Please go through the code and let me know if some improvement is required or if I missed something.

Sources :

AkshDesai04 commented 1 month ago

Hey, thank you for the PR and your efforts. I would like to request a small change in the PR.

The project is supposed to also compare and find duplicates even when 2 images are same but of different resolutions (lets say 720p and 4k images for example) The PR provided compares the images in their actual state so this wont be found. My implementation was to implement proxies. converting all images to 100*100 would remove resolution and compression issues. You can propose an alternative method or, according to me, we could create hashes of the proxy objects.

Thank you for your contribution Happy coding :)

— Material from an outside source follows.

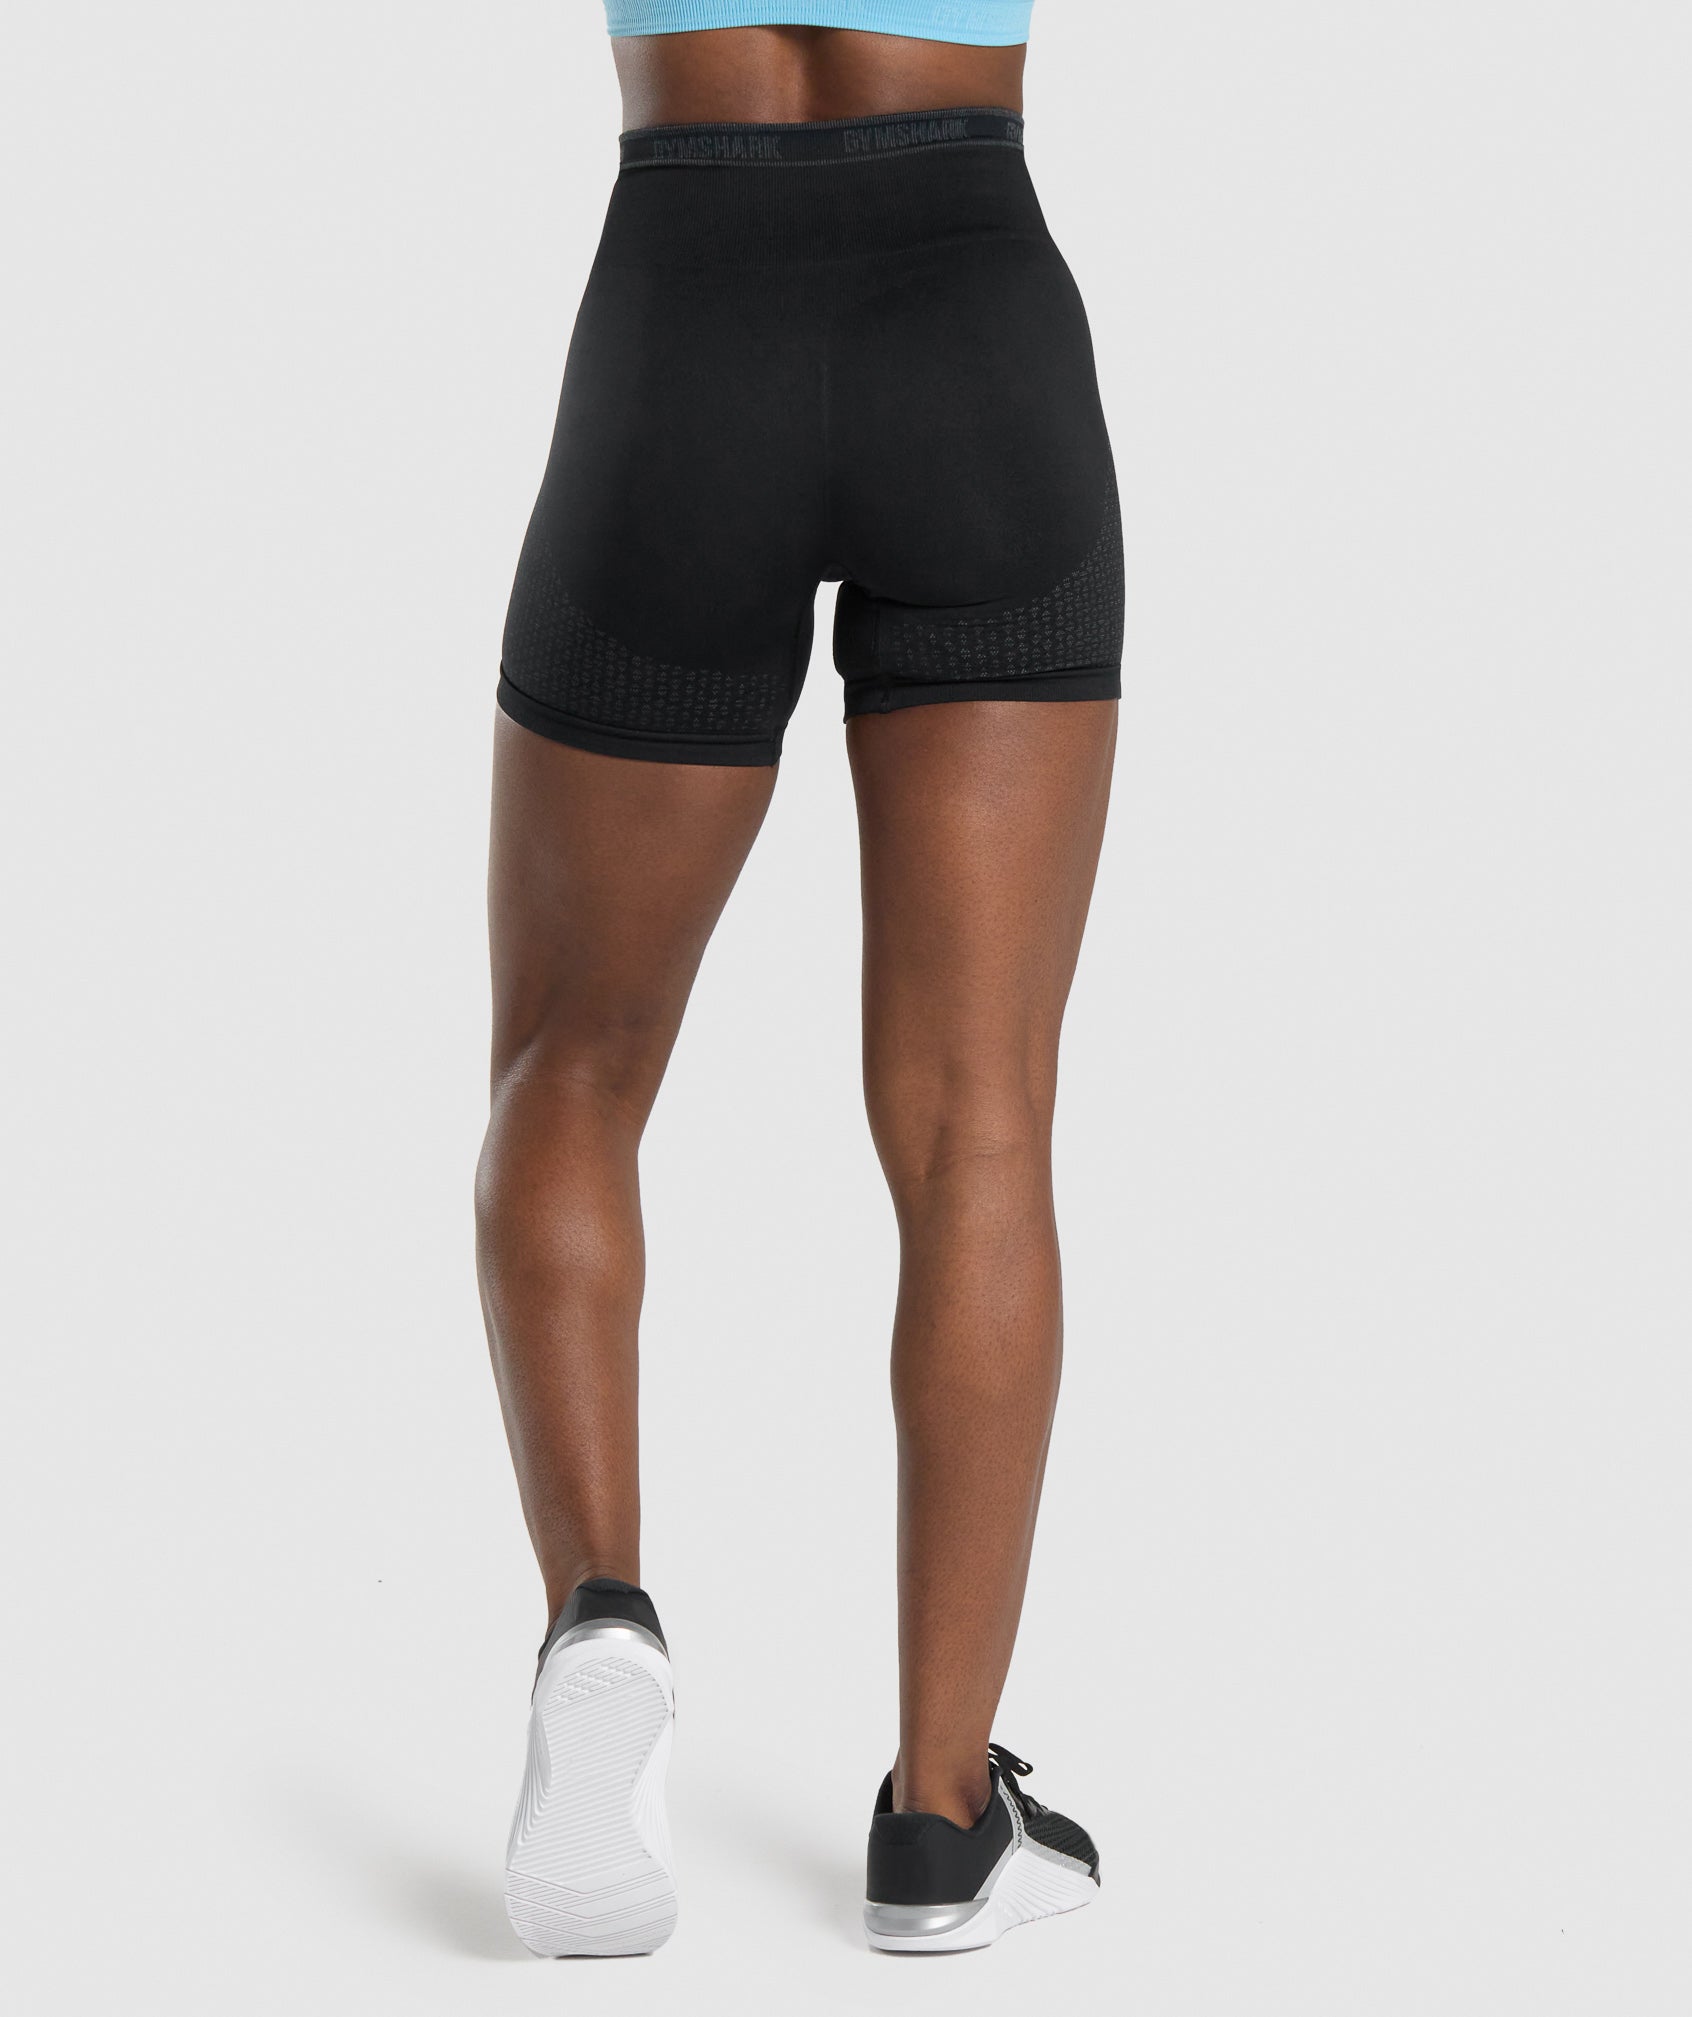 Apex Seamless Shorts in Black/Grey - view 2

GrayHat12 commented 1 month ago

This PR does support finding duplicate images.

For example :

import json
from dataclasses import asdict
from pycompare import get_duplicates

if __name__ == "__main__":

    duplicates = get_duplicates("/home/grayhat/desktop/github/PyCompare/sample")

    with open("duplicated.json", "w+") as f:
        json.dump([[asdict(metadata) for metadata in group] for group in duplicates], f, default=str)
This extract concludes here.